Le repas achevé, une foule nombreuse de soldats, d'officiers et de gardes nationaux se mirent en marche vers les Tuileries, portant le buste de Napoléon couronné de lauriers. Arrivés sous les fenêtres de Sa Majesté, ils la saluèrent par mille et mille acclamations; ils se rendirent ensuite à la Place Vendôme, et déposèrent religieusement, au pied du monument élevé à la gloire de nos armées, l'image du héros qui les avait conduites à la victoire.
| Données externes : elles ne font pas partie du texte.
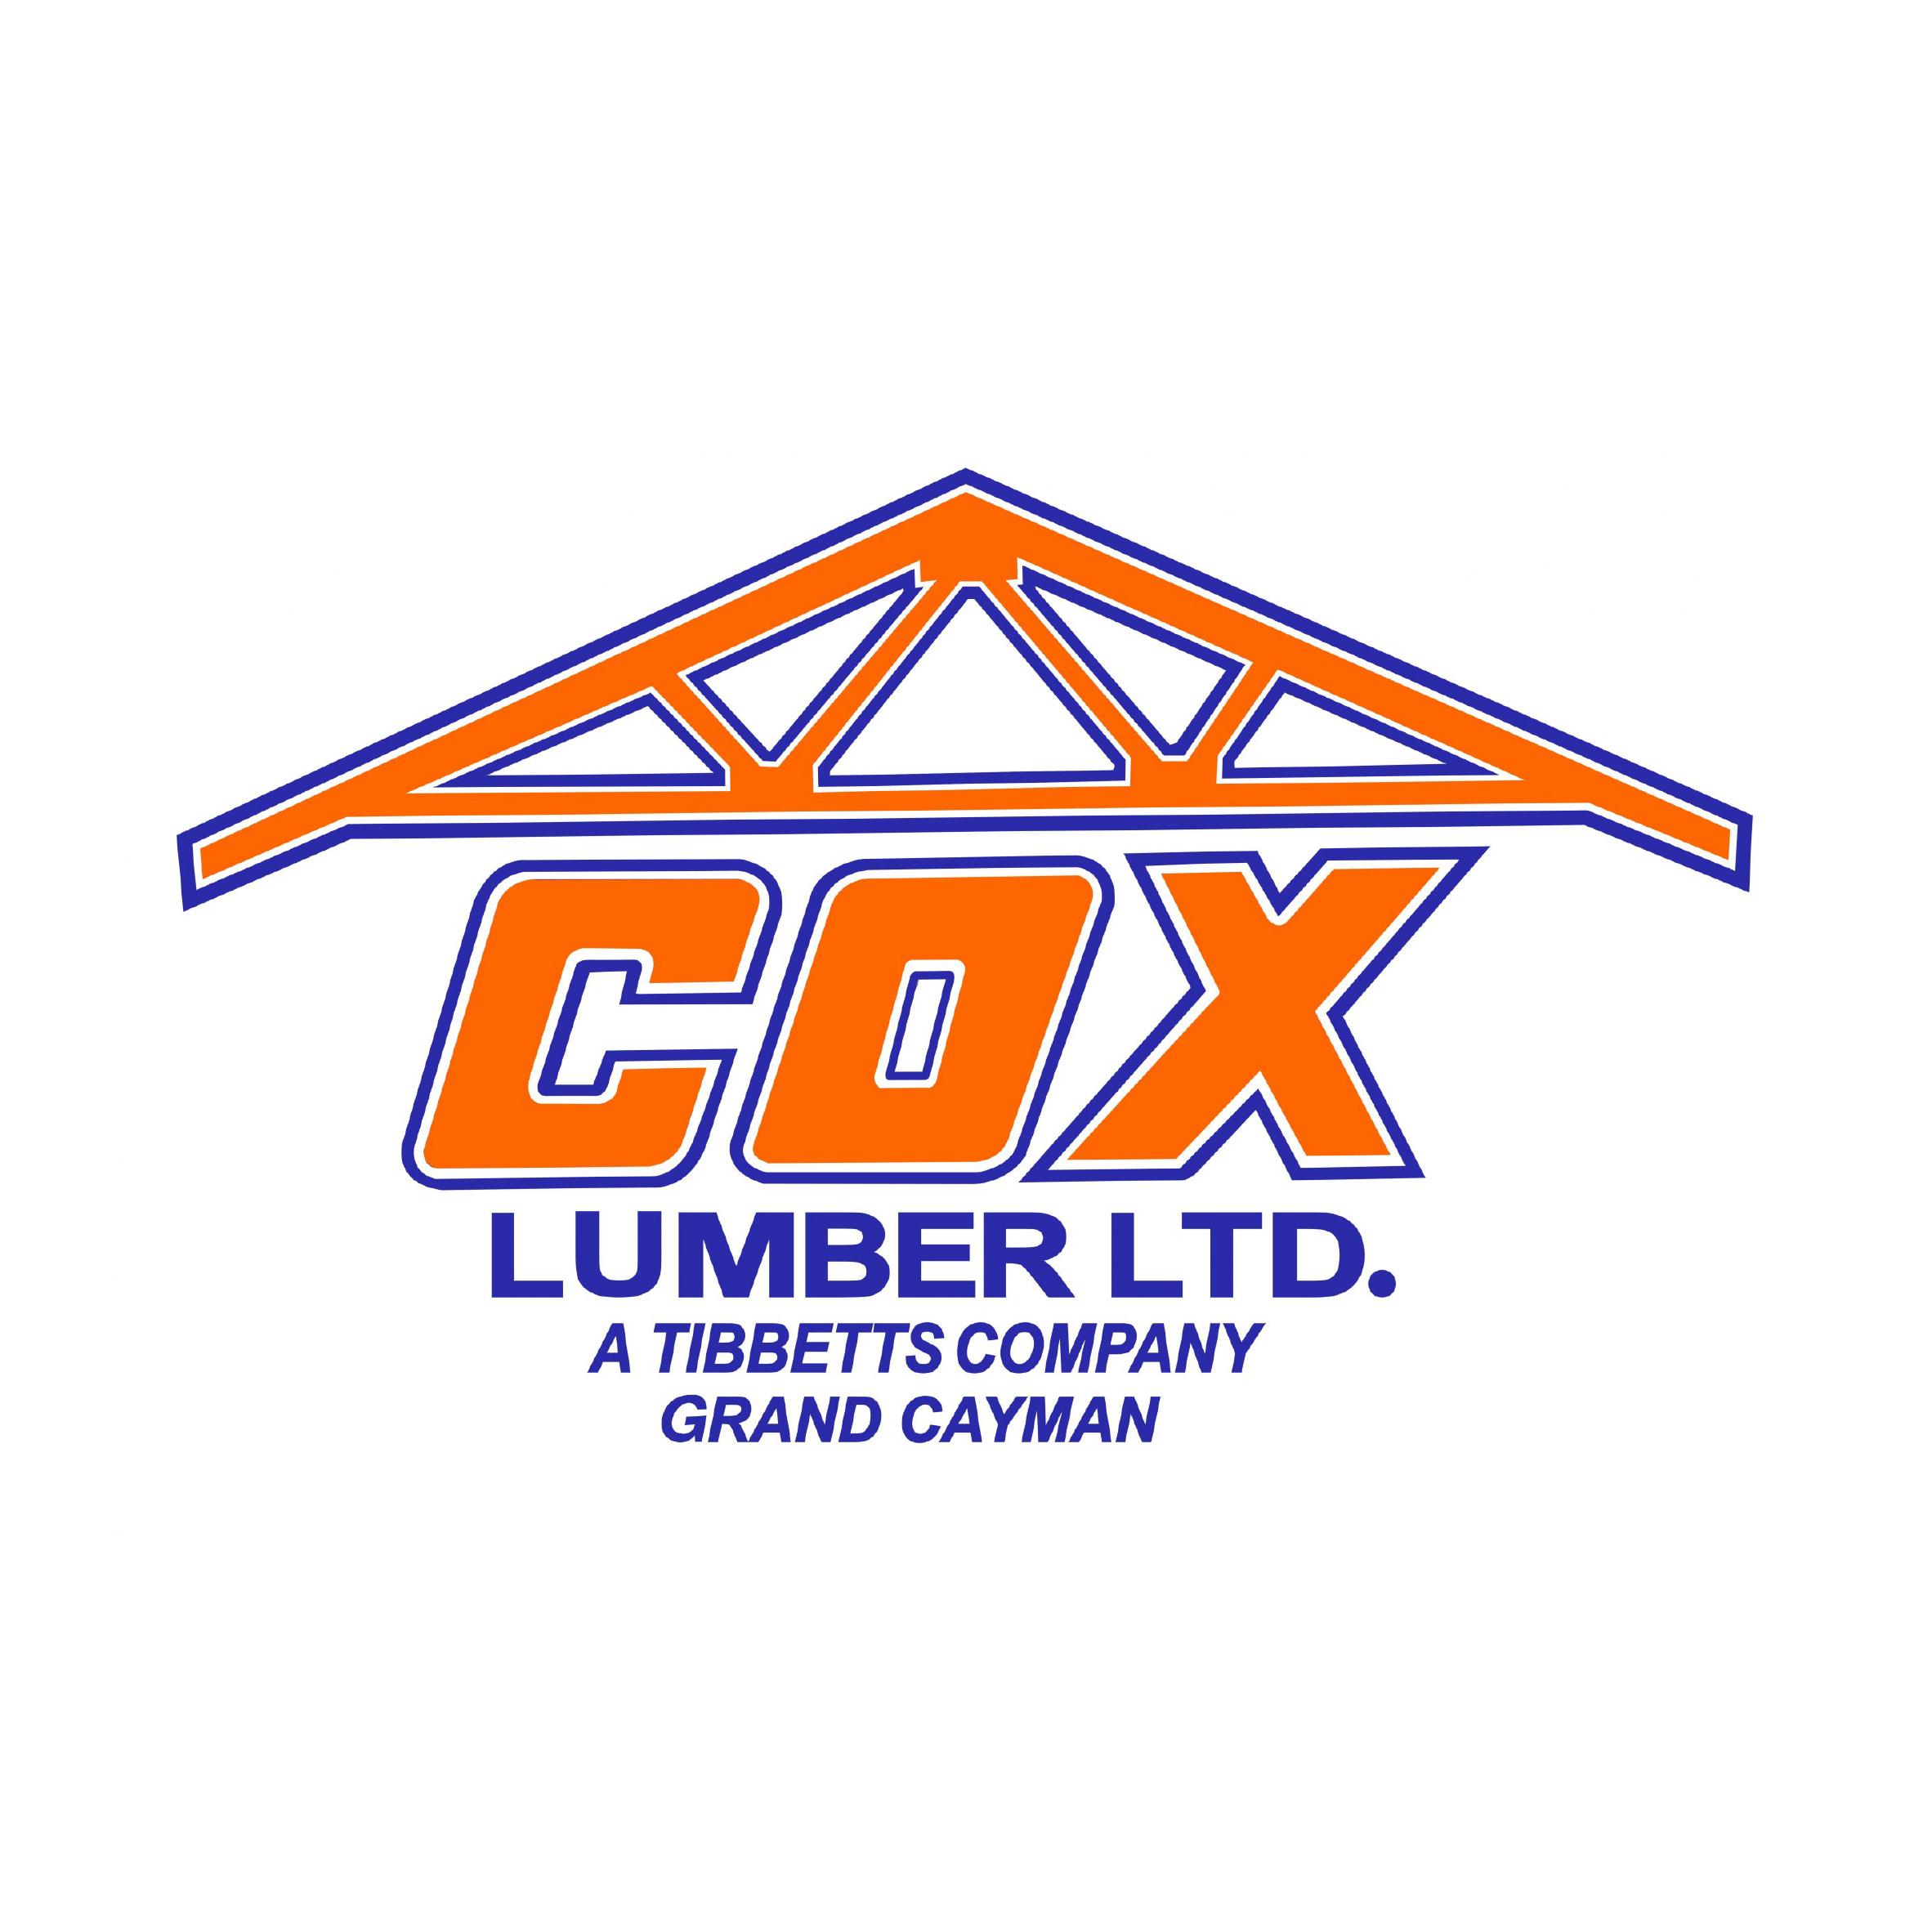 Cox Lumber LTD. logo.

L'Empereur, aussitôt qu'il en fut informé, m'ordonna d'écrire au ministre de la police de faire enlever le buste dans la nuit. «Ce n'est point à la suite d'une orgie, dit-il avec fierté, que mon effigie doit être rétablie sur la colonne.»

Chacun sait en effet, que la statue de Napoléon, qui couronnait autrefois ce monument, en avait été arrachée dans les premiers jours de la restauration; et ce n'était point à des citoyens isolés et sans mission, qu'il appartenait de réparer cet outrage.

Ce furent quelques royalistes, à la tête desquels figuraient M. de Maubreuil et M. Sostène de la Rochefoucault, qui se rendirent coupables de cette profanation. M. de la Rochefoucault, dont la famille avait eu tant de part aux largesses et aux bontés de Napoléon, passa lui-même la corde au cou de son bienfaiteur, dans l'intention de le faire traîner dans la boue par quelques vagabonds qu'il avait soudoyés; mais la statue se joua de ses efforts; il n'en recueillit, d'autre fruit que le blâme des honnêtes gens et le mépris des étrangers[90].

La colonne elle-même offusqua long-tems les regards jaloux des ennemis de notre gloire: ils en conspirèrent la destruction, et l'auraient accomplie, s'ils l'eussent osé. L'histoire, qui ne laisse rien impuni, flétrira (je l'espère) ces mauvais Français, ces nouveaux Vandales, d'un opprobre éternel. Elle inscrira leurs noms et leurs voeux sacriléges au pied de la colonne immortelle qu'ils voulurent renverser. Elle dira sans doute aussi que les fédérés, les officiers à demi-solde et tous les partisans de Napoléon, qu'on se plaît à représenter comme des forcenés, comme des brigands, respectèrent, pendant les cent jours, la statue de Henri IV, quoique cette statue, placée à la hauteur de leurs coups, et reconstruite en matière fragile, eût pu succomber au moindre choc.

Napoléon avait dit à la Garde nationale de Paris: nous ne connaissons point encore d'ennemis. Ces paroles étaient vraies. On avait remarqué que les troupes étrangères se concentraient sur nos frontières, mais aucune de leurs dispositions ne paraissait hostile, et Napoléon pouvait encore raisonnablement espérer que ses soins pour maintenir la pais ne seraient point infructueux.

Dès le jour même de son entrée à Lyon, il s'était empressé de faire déclarer, par le Prince Joseph, aux ministres d'Autriche et de Russie près la diète Helvétique, qu'il était prêt à ratifier le traité de Paris.

Arrivé dans la capitale, il apprit que les ministres étrangers, et particulièrement le Baron de Vincent, ministre d'Autriche, et M. Boudiakeen, chargé d'affaires de Russie, ne l'avaient point encore quittée, faute de passe-ports.

Il fit entraver le départ de M. Vincent et de M. de Boudiakeen, et chargea le Duc de Vicence de les voir et de leur renouveler l'assurance de ses dispositions pacifiques.

M. le Baron de Vincent se refusa d'abord à toute espèce de communication et de pourparlers; mais il consentit ensuite à se trouver avec M. de Vicence dans une maison tierce. Ils eurent ensemble une conférence chez Madame de Souza. M. de Vincent ne dissimula point la résolution des alliés de s'opposer à ce que Napoléon conservât le trône. Mais il fit entrevoir qu'il pensait que son fils n'inspirerait point la même répugnance. Il s'engagea néanmoins à faire connaître à l'Empereur d'Autriche les sentimens de Napoléon; et consentit à se charger d'une lettre pour l'impératrice Marie-Louise[91].

M. de Boudiakeen, après avoir également refusé l'entretien proposé par le duc de Vicence, finit aussi par l'accepter. Il fut convenu qu'ils se rencontreraient chez mademoiselle Cauchelet, dame du palais de la princesse Hortense.